Everyone guffawed, Gene not the quietest among them, but he watched Sam while they were laughing, saw his knuckles go white on the glass he was clutching.
It was just the next week that it happened, funnily enough.
The shot rang out from the upper window as they were walking back to the car. Fuck, Gene thought, knew that junkie bastard was hiding something, and he flew back in and up the stairs, hollering bloody he-didn't-know-what all the way, but the back window was wide open to the fire escape and there was no sign of the crazy bugger at all, of course, of course.
"TYLER," he bellowed, because for fuck's sake, he should have been right on his DCI's heels, had his own Hyde ideas about procedure again no doubt, and with Gene's luck he'd probably somehow nicked the runner already and then he'd go on for days in that smug-bastard way of his until Gene would just have to deck him and then he'd get all self-righteous over that-
He'd huffed his way back down the stairs by then and discovered that Sam was still just standing there on the front pavement, rubbing at his shoulder thoughtfully and staring up at the sky.
It was almost nice the way he gave Gene these opportunities to go absolutely ballistic so often. It was almost considerate of him. Gene often couldn't decide whether to make his point with fists or with some truly inventive use of the English language. He was about to settle on a bit of each when he heard a soft pat in the silence before his storm, pat-pat, and he glanced down at the bright red spatters decorating the pavement in front of his DI's feet.
"Oh, you've got to be joking," Gene blustered, fed up beyond the pale, and Sam lifted his hand from his shoulder and looked at his fingertips in amazement, raised them to his face and tasted them like the head case Gene always knew he was.
"Thought it was a paint gun," he said, looking up at Gene. "Jesus." He laughed, then, because of course someone like Sam Tyler didn't even know how to get shot properly. "Better tell Ray I couldn't find a bird to hide behind this time."
"Bloody hell," Gene bit out, but what could you do, and after a moment of silent fuming he grabbed Sam by the elbow and steered him toward the Cortina. "Backseat," he directed him. "No bleeding on the passenger side allowed."

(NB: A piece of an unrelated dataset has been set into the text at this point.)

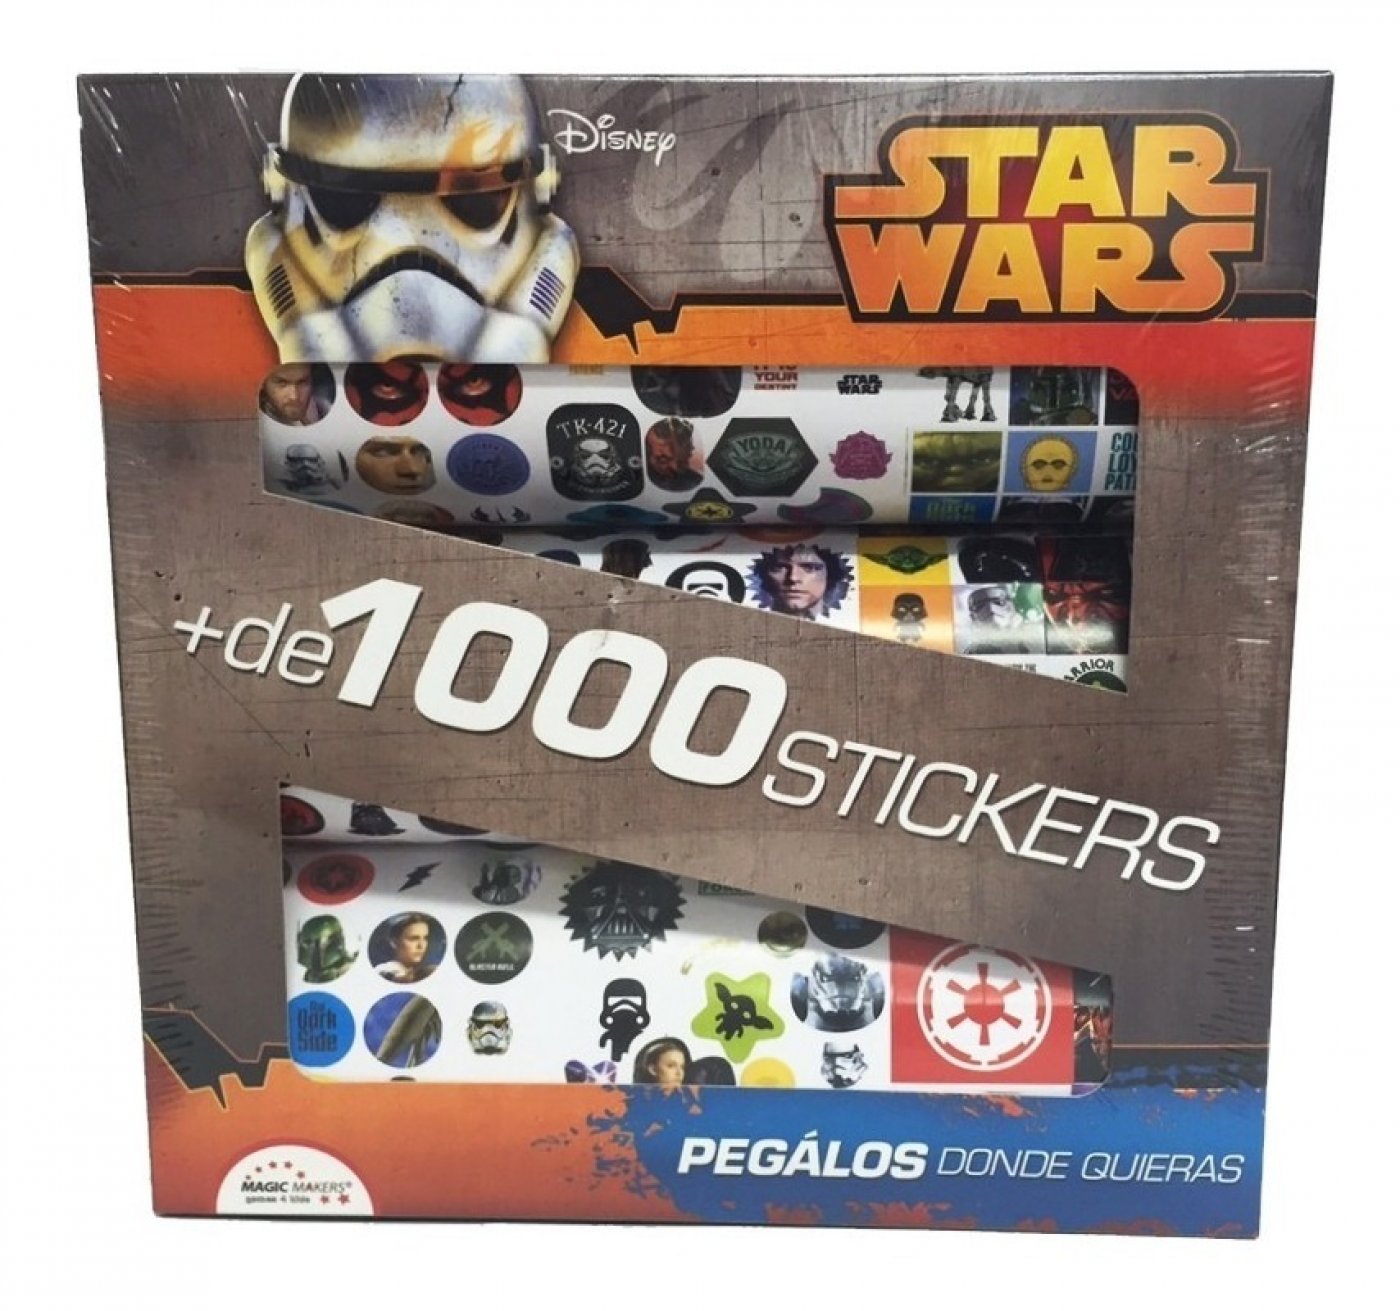 + 1000 Stickers de Star Wars - Pegalos donde Quieras!

The Guv liked to holler, but he also prided himself on always taking care of his men, so he couldn't quite bring himself to just drop Sam off at the entrance to A&E and go on his merry way. It couldn't be much of a wound, he thought at first, because Sam wasn't making much of a noise about it-not that Gene would have heard much, as he was busy shouting down the radio-but he also wasn't bitching and moaning about Gene's driving which was, it occurred to him, fairly odd behavior on Sam's part. And when Gene screeched to a stop in front of the hospital and went round to drag Sam out of the backseat, he found him sitting in a veritable puddle, pale with blood loss and probably in shock.
"'S like Reservoir Dogs back here," he said, slurring a little, his eyes wide and unfocused, and he gave another nervous-sounding laugh. "You'd make a great Harvey Keitel, I bet. Mister Blond. No. White. Mister White. I think."
"Christ, Sammy," Gene spat out, not that Tyler making no flipping sense whatsoever was anything new, but he looked bad enough to put a little hustle in Gene's step as he went to yell for somebody to bring a stretcher.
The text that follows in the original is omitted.